### EXERCISE MATERIALS
◇ ◇ ◇ ◇

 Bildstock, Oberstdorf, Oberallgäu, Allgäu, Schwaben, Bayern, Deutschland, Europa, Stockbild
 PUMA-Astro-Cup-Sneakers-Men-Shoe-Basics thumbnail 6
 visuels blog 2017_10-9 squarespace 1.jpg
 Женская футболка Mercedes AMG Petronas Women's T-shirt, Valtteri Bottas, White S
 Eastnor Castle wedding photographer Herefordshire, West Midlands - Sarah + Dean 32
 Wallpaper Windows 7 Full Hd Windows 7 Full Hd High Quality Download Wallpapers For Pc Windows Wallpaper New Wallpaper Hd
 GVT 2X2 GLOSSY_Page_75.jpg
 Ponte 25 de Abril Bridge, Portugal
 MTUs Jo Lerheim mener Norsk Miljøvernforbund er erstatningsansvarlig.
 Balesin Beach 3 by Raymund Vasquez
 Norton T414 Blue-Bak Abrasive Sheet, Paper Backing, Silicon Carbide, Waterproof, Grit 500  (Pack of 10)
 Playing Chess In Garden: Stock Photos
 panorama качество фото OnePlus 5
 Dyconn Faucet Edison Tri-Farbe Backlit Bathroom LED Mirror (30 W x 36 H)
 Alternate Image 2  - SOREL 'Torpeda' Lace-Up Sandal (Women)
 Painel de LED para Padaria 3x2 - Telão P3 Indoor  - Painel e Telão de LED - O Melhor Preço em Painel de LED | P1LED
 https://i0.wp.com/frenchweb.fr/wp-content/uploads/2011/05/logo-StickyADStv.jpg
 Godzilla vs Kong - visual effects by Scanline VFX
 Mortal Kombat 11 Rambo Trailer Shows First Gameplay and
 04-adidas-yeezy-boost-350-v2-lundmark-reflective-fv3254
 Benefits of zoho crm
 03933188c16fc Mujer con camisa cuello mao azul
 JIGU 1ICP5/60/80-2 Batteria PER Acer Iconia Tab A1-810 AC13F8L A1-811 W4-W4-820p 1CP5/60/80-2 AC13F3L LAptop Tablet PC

◇ ◇ ◇ ◇

### PROBLEM TO SOLVE
Provide only the count of lines within the entries above that include the string "Women".

### REPLY TO THE TASK
2